Our Technologies

Planning is a critical component of any self-driving system. We specialize in developing state-of-the-art technologies for a diverse set of autonomous decision making tasks, including route planning, high-speed motion planning on highways, planning under uncertainty, predicting the intentions of dynamic elements on the road such as other vehicles and pedestrians.

Below are some of our systems in action.

Click to play the high-speed motion planning on the highway video

High-Speed Motion Planning on the Highway

Our planning algorithm generates safe and comfortable motions for self-driving vehicles traveling at high-speeds. Our algorithm can negotiate difficult situations encountered on the highway with high levels of safety, comfortability, and reliability.

Click to play the real-time prediction of intentions video

Real-time Prediction of Intentions

Our prediction algorithms analyze surrounding vehicles, pedestrians, and other dynamic objects in the environment to determine their intentions. Being able to reliably predict future intentions is integral to the performance of a self-driving vehicle.

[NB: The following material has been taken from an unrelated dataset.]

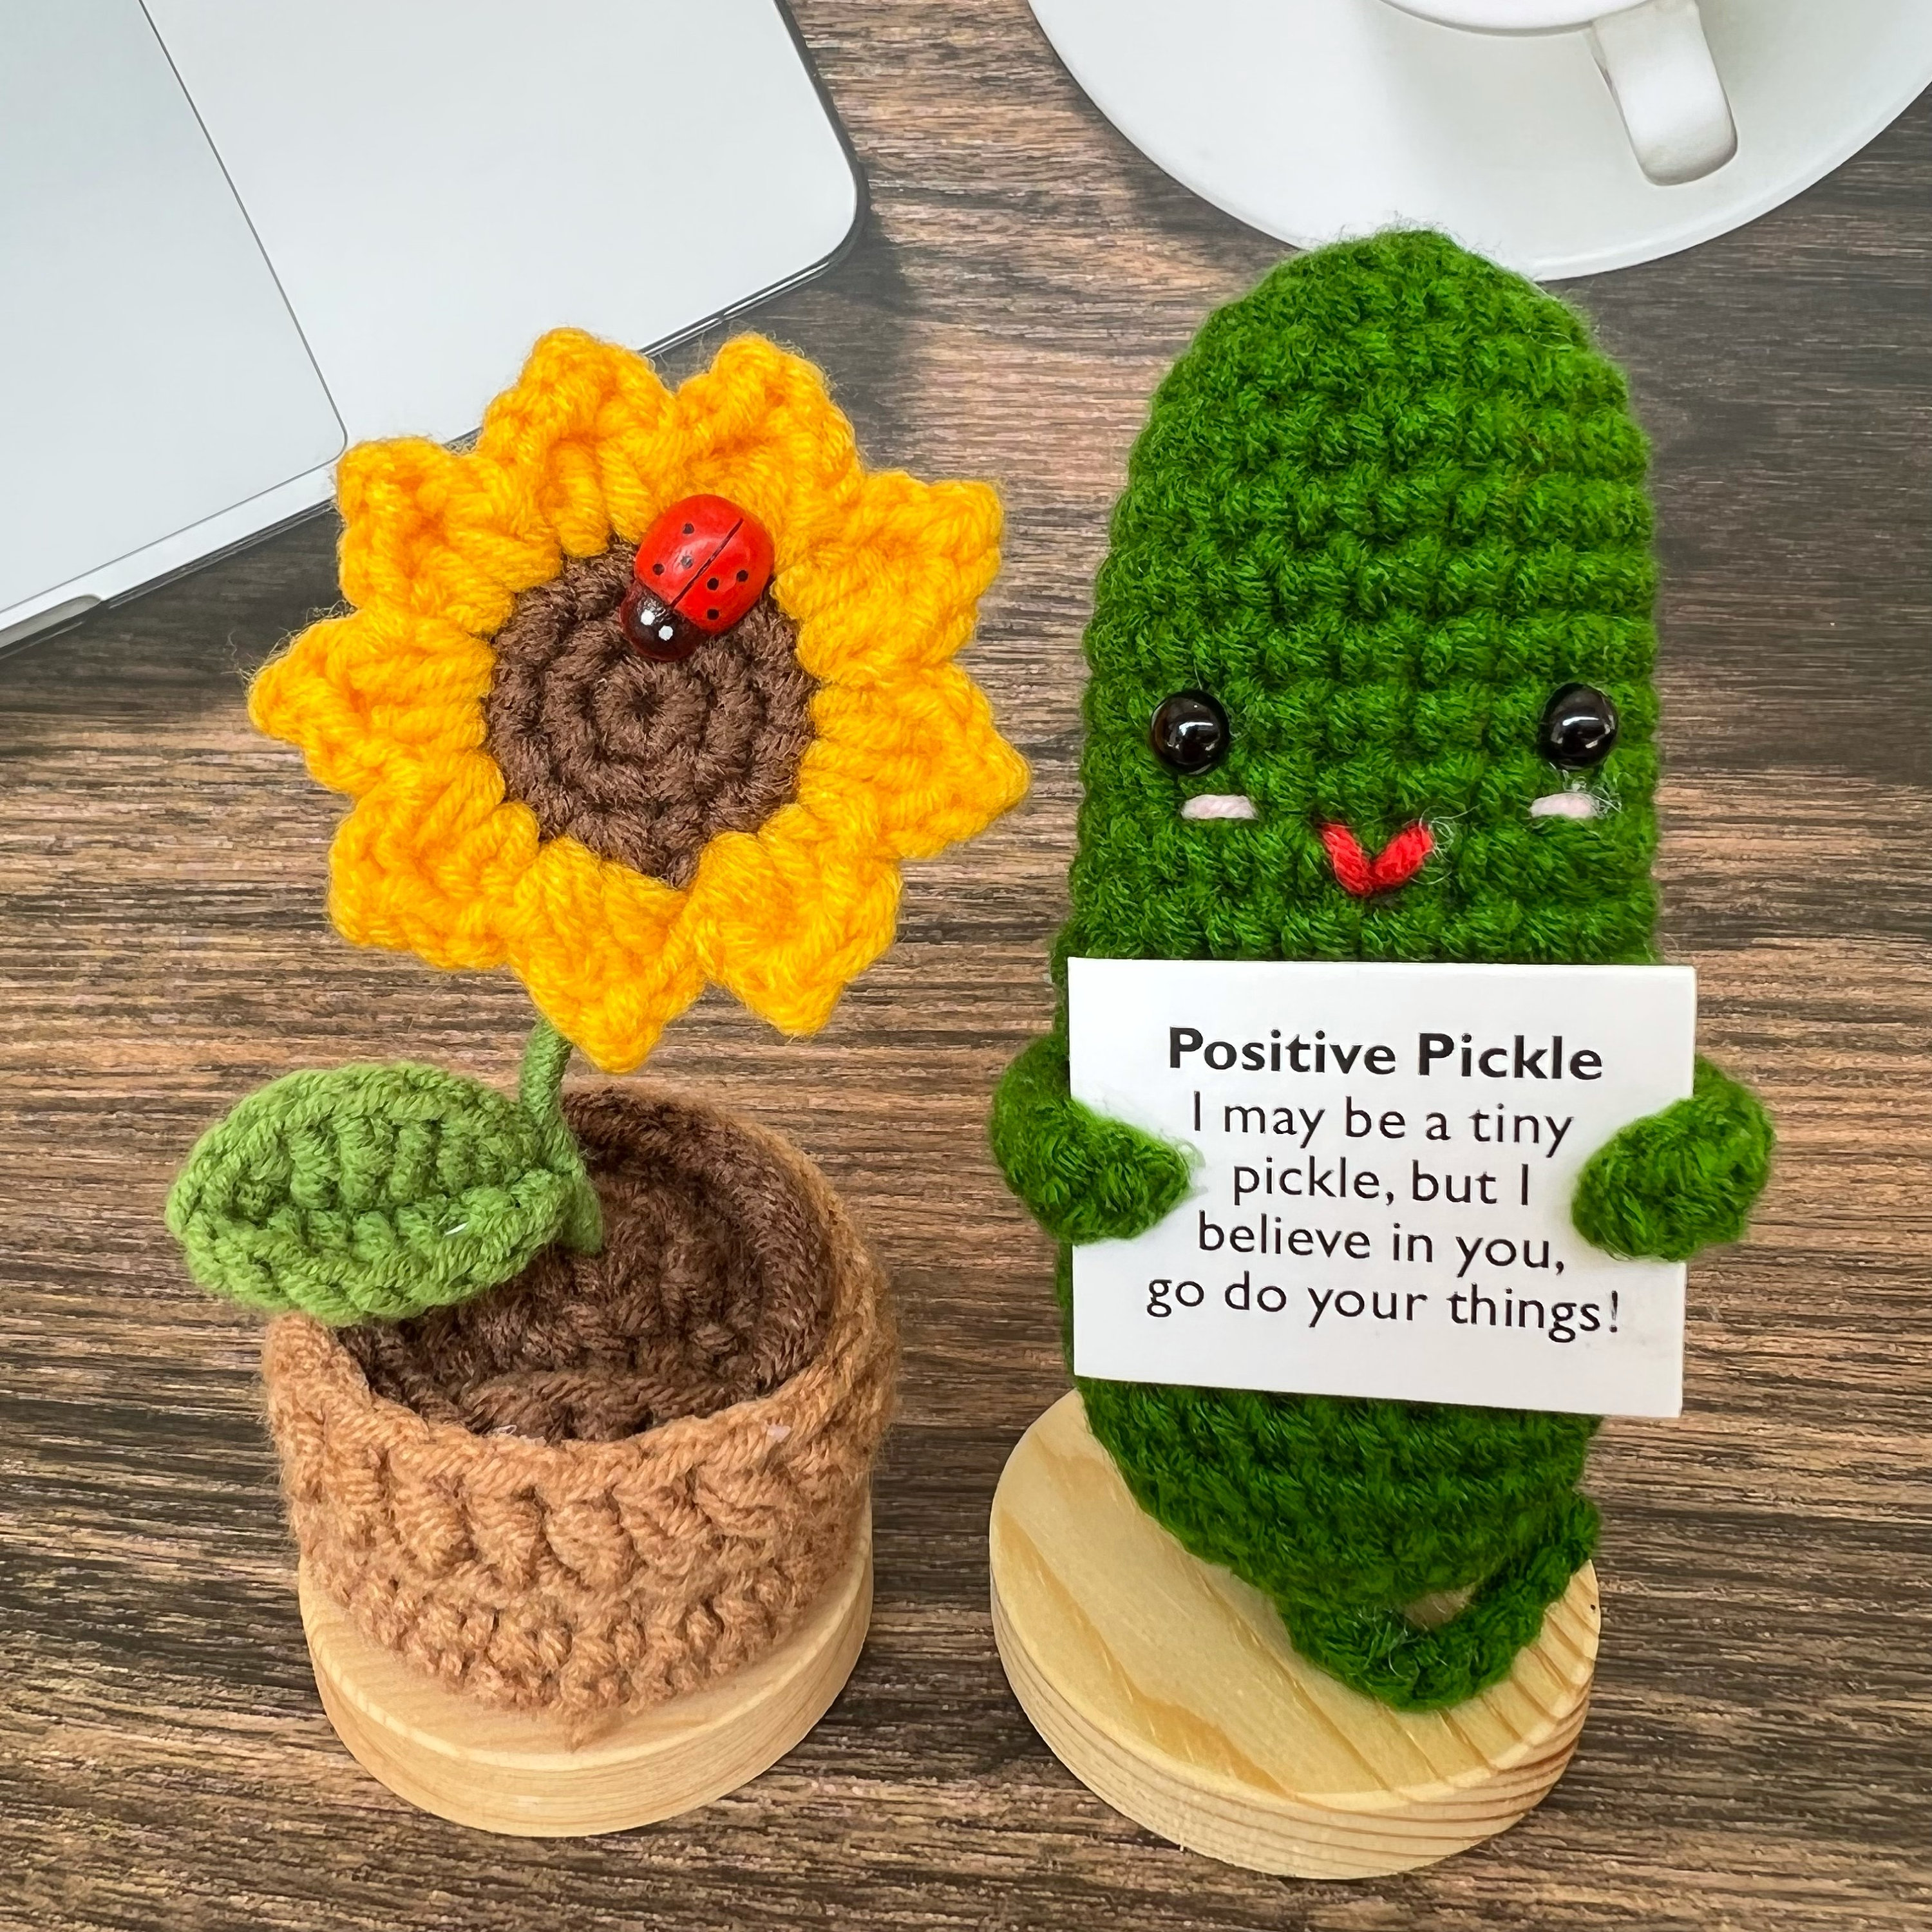 How freaking cute is this emotional support pickle?! Handmade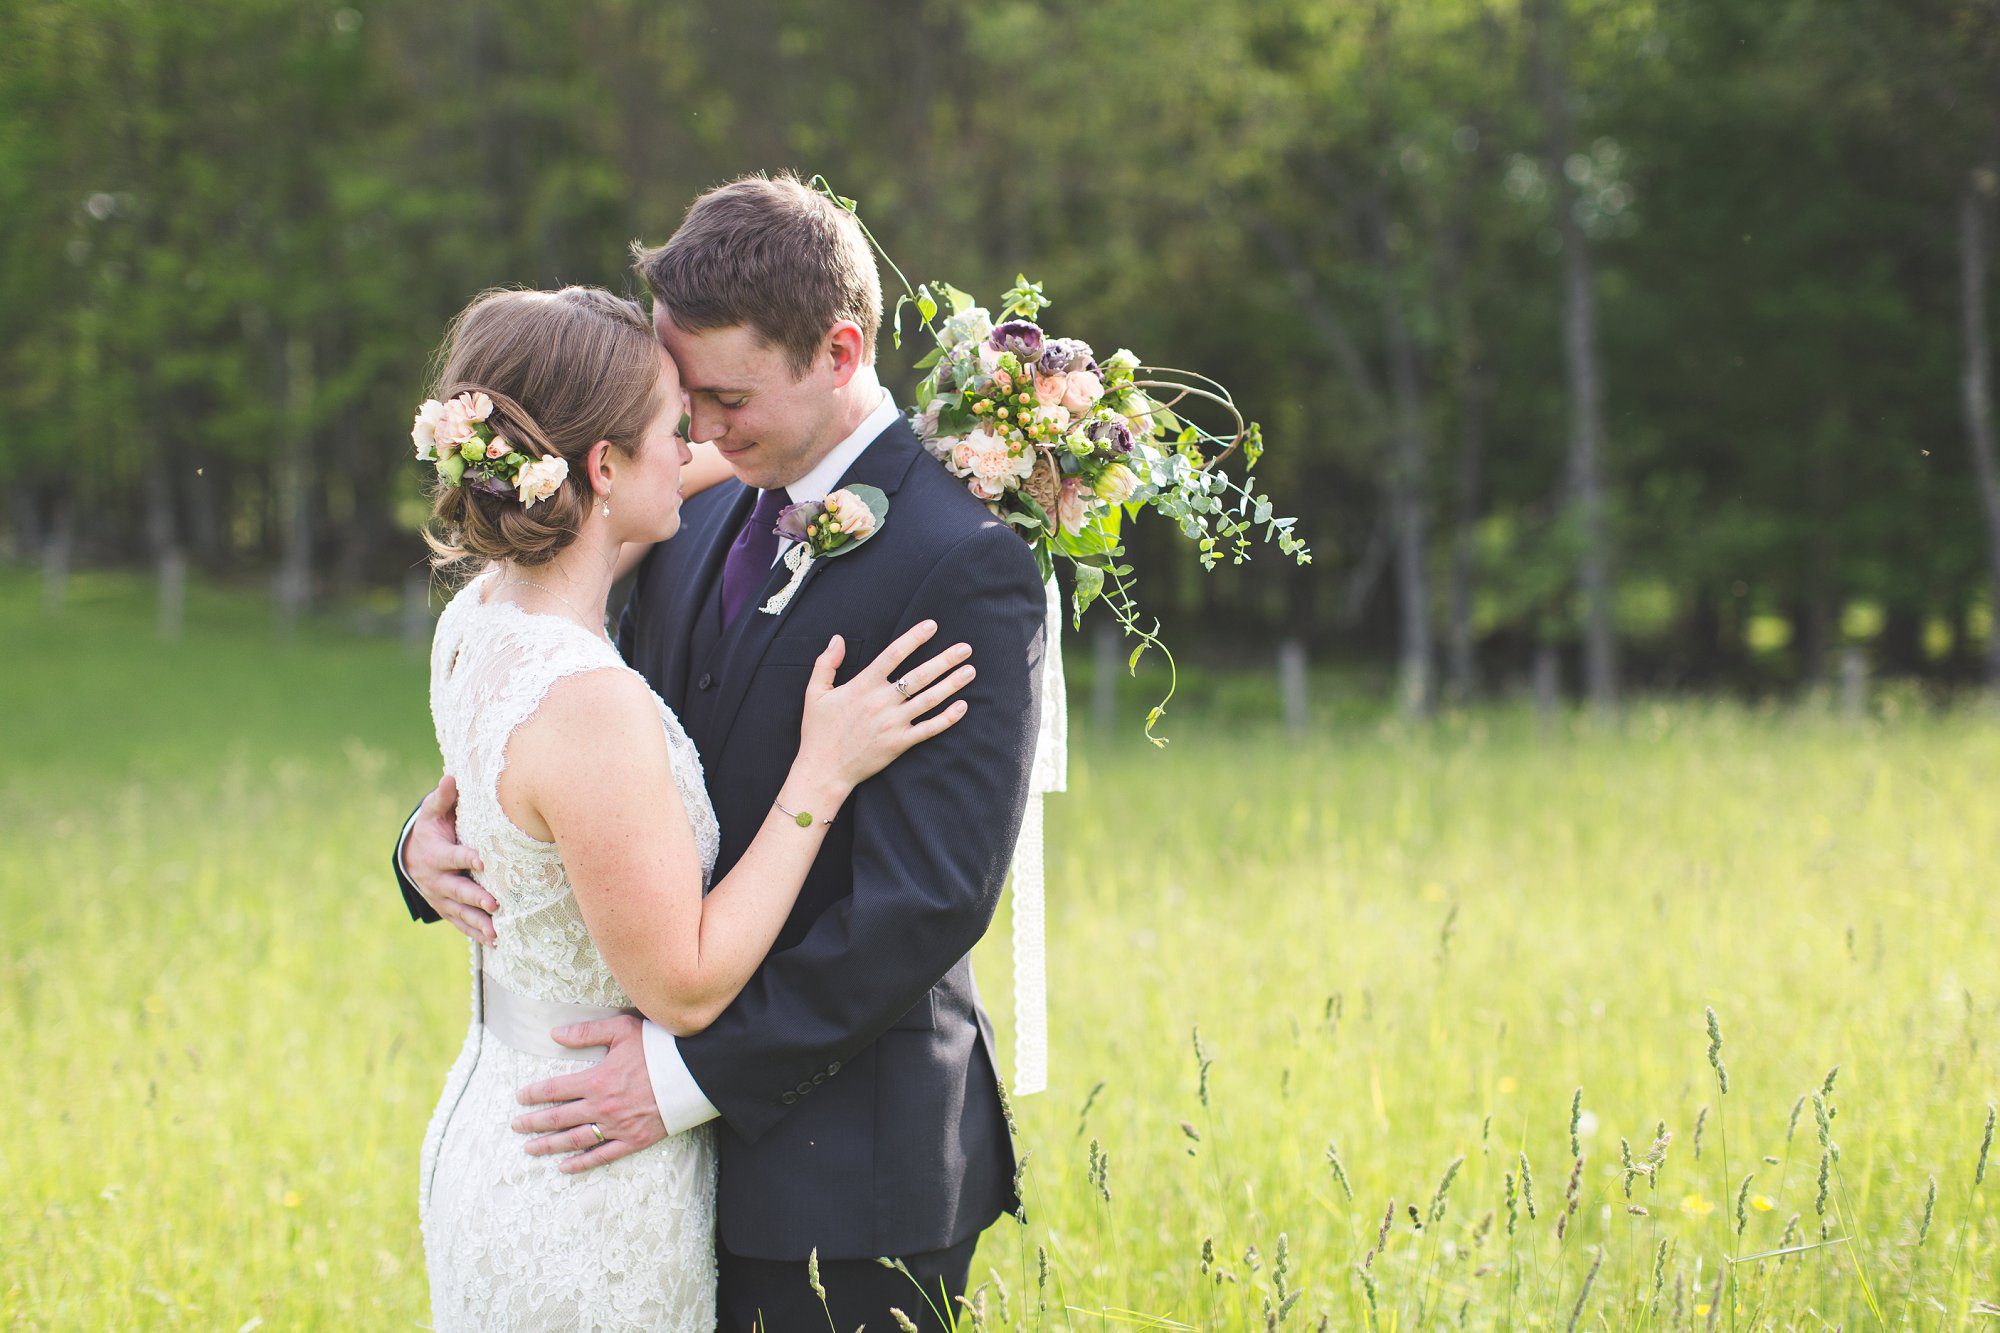 Wedding Photos in a grassy field in the White Mountains of NH

Click to play the robust planning in uncertain environments video

Robust Planning in Uncertain Environments

Taking into account uncertainty about the intentions of other objects around a self-driving vehicle (e.g. pedestrians, other vehicles, bicyclists) is critical to making safe and comfortable decisions. We have developed novel algorithms that plan efficiently while explicitly reasoning about the uncertainty in the environment surrounding the self-driving vehicle.

Route Planning

Our route planning algorithms generate a long-term plan from a start location to a destination location, taking into account traffic information, road closures, detours, etc. and adjusts the route of the self-driving vehicle accordingly. We employ state-of-the-art search algorithms that allow us to find routes over large road networks in real-time.

Team

Maxim Likhachev

Founder and CEO

Maxim is a Research Associate Professor with the Robotics Institute and National Robotics Engineering Center (NREC), both part of School of Computer Science, Carnegie Mellon University. He is also an adjunct faculty at the Computer and Information Science department at University of Pennsylvania and a member of the GRASP laboratory.

Mike Cannon

Business Development

Mike works on business & partnership development for RobotWits. Previously he worked in sales and business development for Willis Towers Watson, Liazon and Paychex.

Ellis Ratner

Senior Robotics Researcher

Ellis works on prediction, planning and decision making systems at RobotWits. He is also currently a member of the Berkeley AI Research (BAIR) Lab at the University of California, Berkeley, where he is pursuing a PhD in computer science. Previously, Ellis was a member of the Search-Based Planning Lab (SBPL) at Carnegie Mellon University's Robotics Institute.

Lu Lyu

Senior Robotics Researcher

Lu develops prediction algorithms for on-road environments and works on other software engineering tasks in the context of developing software for self-driving vehicles. Prior to joining RobotWits, Lu worked for two start-ups and has hands-on experience developing robotic hardware, perception, and planning systems. Lu received her MS in Robotic Systems Development from Carnegie Mellon University in 2015.

Ramkumar Natarajan

Robotics Researcher

Ram develops optimization algorithms for planning and decision making and designs fail-operational architecture for planning subsystem in self-driving vehicles. He obtained his Master's in Robotics from Worcester Polytechnic Institute (WPI) in 2017 working alongside at a robotics startup in perception and autonomy systems of a retail store robot. Previously, Ram was a member of Reconfigurable and Intelligent Systems Engineering (RISE) group at Indian Institute of Technology (IIT), Madras.

Jonathan Butzke

Lead Robotics Researcher

Jonathan’s primary responsibility is teaching programmers the intricacies of planning for autonomous vehicles. He obtained his Ph.D. in Robotics from Carnegie Mellon University where he worked in the Search-Based Planning Lab. His research activities include aerial and ground vehicle coordination, exploration of unknown environments, and the hardware design of numerous robots. Prior to his Ph.D. studies, Jonathan was a submarine officer.

Alla Safonova

Project Manager

Alla brings expertise in computer graphics, interfaces, visualization and robotics. Prior to joining RobotWits, Alla worked as an Assistant Professor at University of Pennsylvania. Alla holds her Ph.D. from Carnegie Mellon University and Master's degree from Georgia Institute of Technology, both in Computer Science.